Ever since I left Ireland I've lived too much indoors, and it does seem good to
be cooking half in the air again."
The older woman jangled
her keys meditatively. "I thought you were crazy when you first talked
about it," she admitted, "but it does seem sort o' cozy like, and
it'll be fine for the childer to be in the country this summer."
"Aye! It'll be the
makin' of Pollie that's growin' so fast, an' Patsy'll be away from them bad
boys on the street. Though we moved in but yesterday, I can see now what a
grand time the childer'll have in the lovely grounds, an' it was the only way of
being wid Pat while he's on that brick-layin' job on the new country house.

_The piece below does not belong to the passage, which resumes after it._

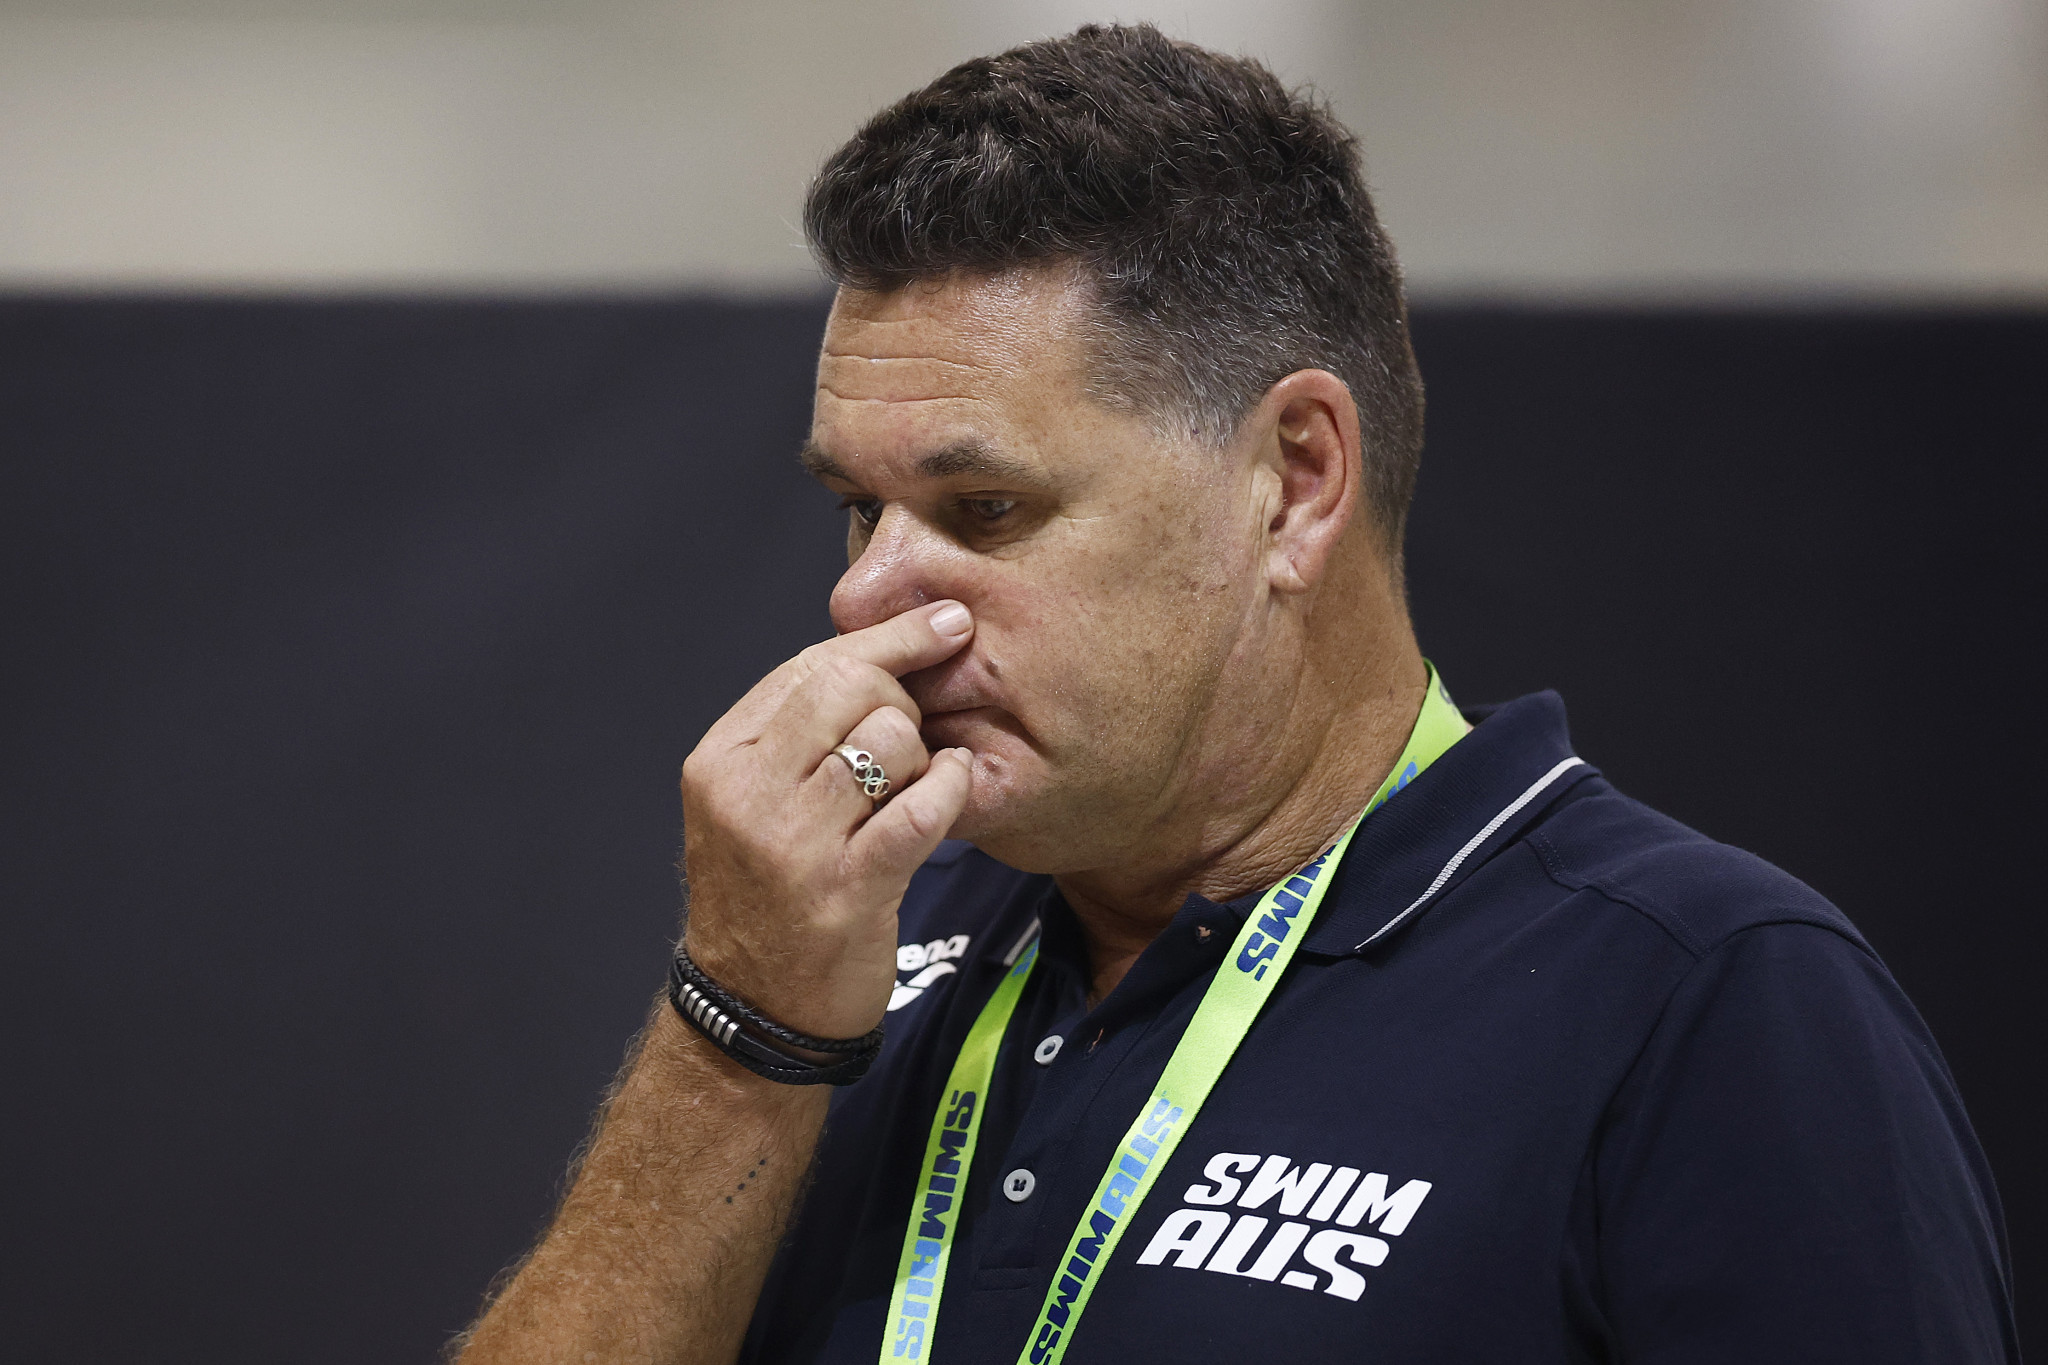 Australia's Rohan Taylor considers the WADA distraction a 
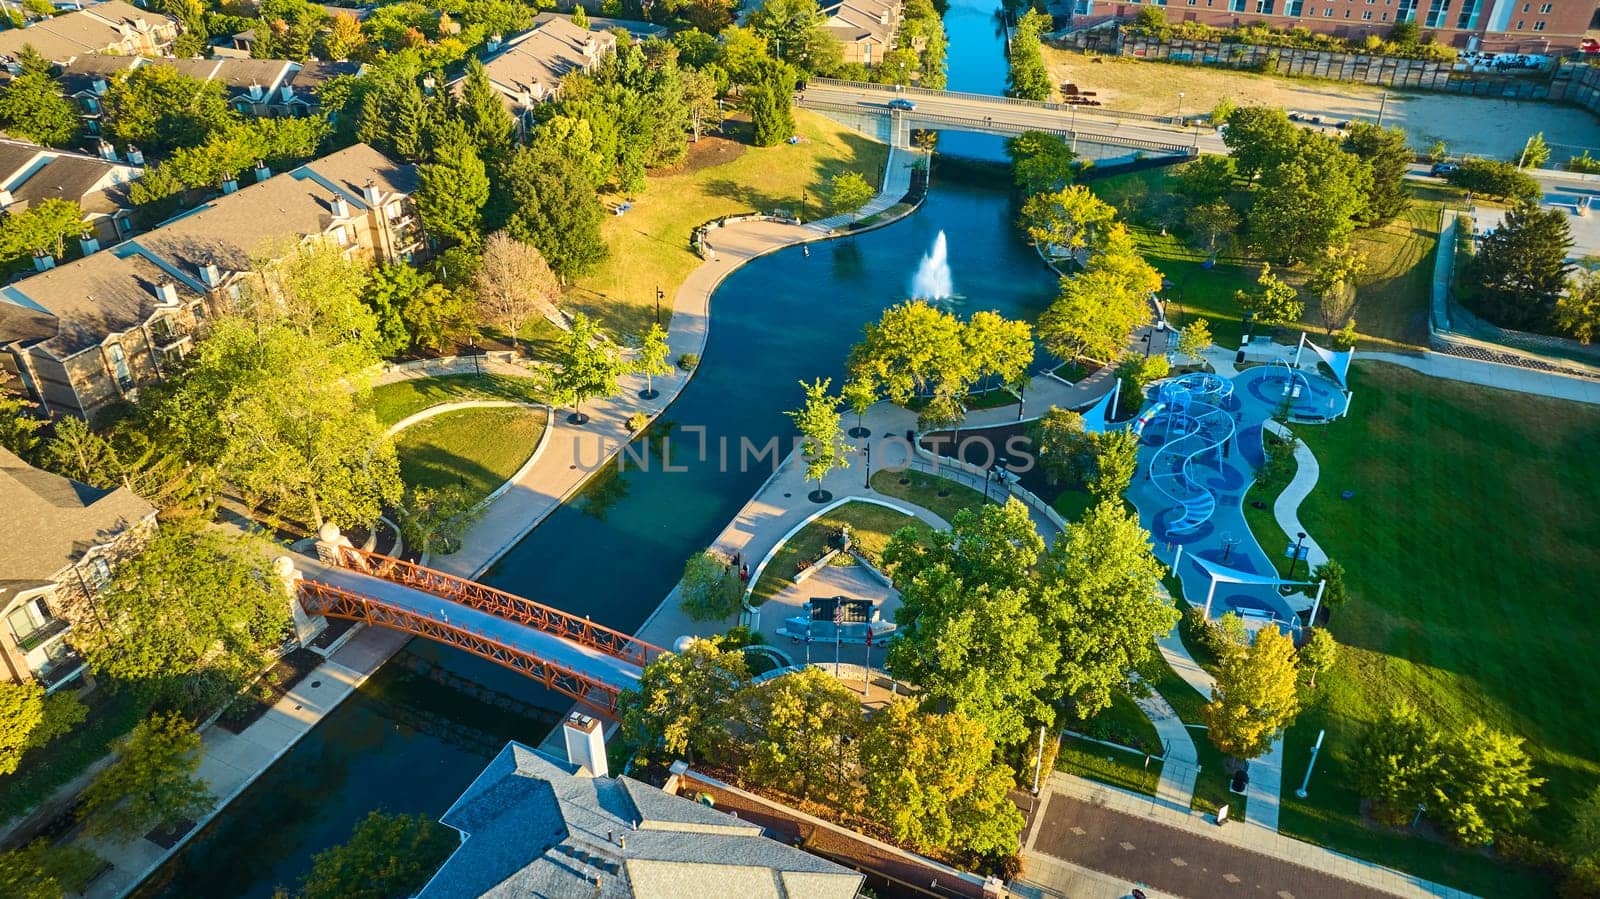 Aerial View of Bustling Suburban Park at Golden Hour in Indianapolis, Featuring River, Playground and Pedestrian Bridge

Sure it's a good friend you are, to lave us do it."
The old crone answered
with a proprietary air. "Oh, why not? There ain't been a soul in this barn
for fifteen years, not since I begun takin' care of the big house, an' sure it
can't hurt the old loft to have the beds of all the blessed childer in it
instead of cobwebs, nor the open shed to have a stove set up, wid decent Irish
praties cookin' over it. I niver thought you cud make it look so like a real
home--pictures of the saints and flowers and cushions and all."
Mrs. O'Hern laughed
comfortably as she looked about the clean room where they sat, and out the open
door into the wide-spreading orchard trees all a pink glory of blossom.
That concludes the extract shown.